The Greens and Labor are reportedly in discussions towards a push to introduce a bill of rights for Australia, following the introduction of marriage equality.

A bill of rights could be before a Senate inquiry, the first step to constitutional reform, as early as this year, according to The Sydney Morning Herald.

Momentum for a bill to protect against discrimination has been growing as the review of religious freedoms continues.

Treasurer Scott Morrison has said he would defend Christianity and “call out” offensive remarks against religion in the wake of the marriage equality vote.

Greens Senator Nick McKim suggested a bill of rights could satisfy both LGBTI advocates and religious conservatives.

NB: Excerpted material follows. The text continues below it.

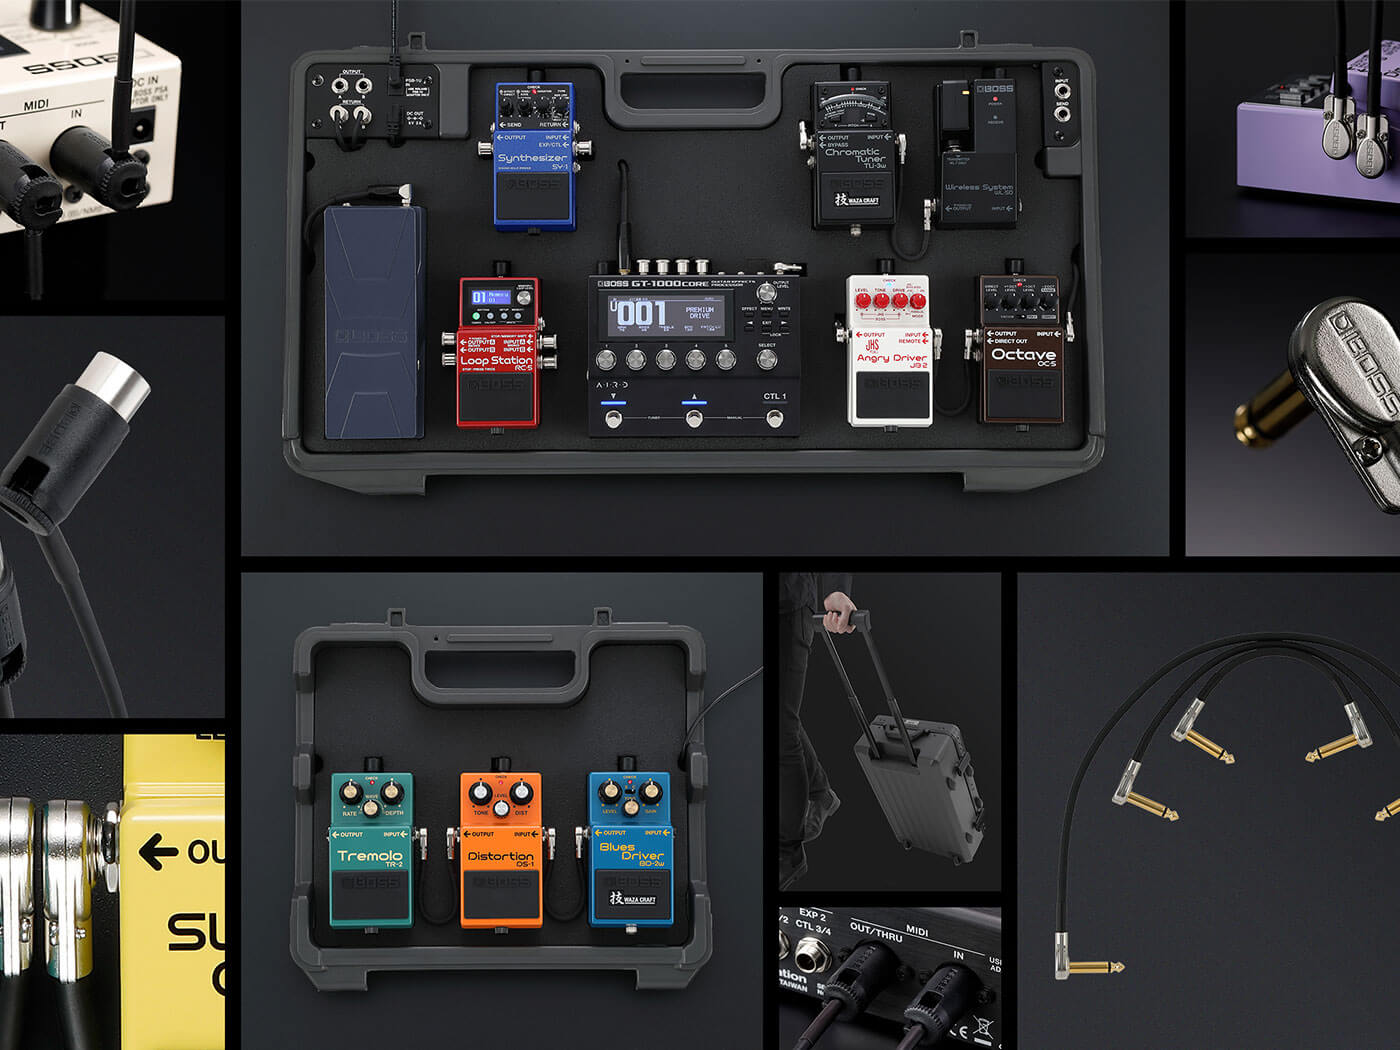 Boss' new pedalboard and pedalboard accessories

“Religious rights are important rights but they need to be protected in a way that balances other rights,” said McKim.

“We are the only liberal democracy in the world that does not have a bill or charter of rights.

“Ideally, rights would be enshrined in the constitution but that is obviously a long process and one that is difficult unless we have political unanimity.”

A bill of rights modelled on international examples, such as the US and UK, would enshrine legal protection against discrimination for Australians.

Conservatives have voiced concerns over service providers such as bakers being forced to serve same-sex couples against their beliefs.

No examples have yet been reported in Australia of couples being refused service for being gay.

In a US case, a baker who refused to make a wedding cake for a lesbian couple recently lost an appeal against a $135,000 fine.

The panel on religious freedoms, led by former attorney-general Philip Ruddock, is due to report its findings in March.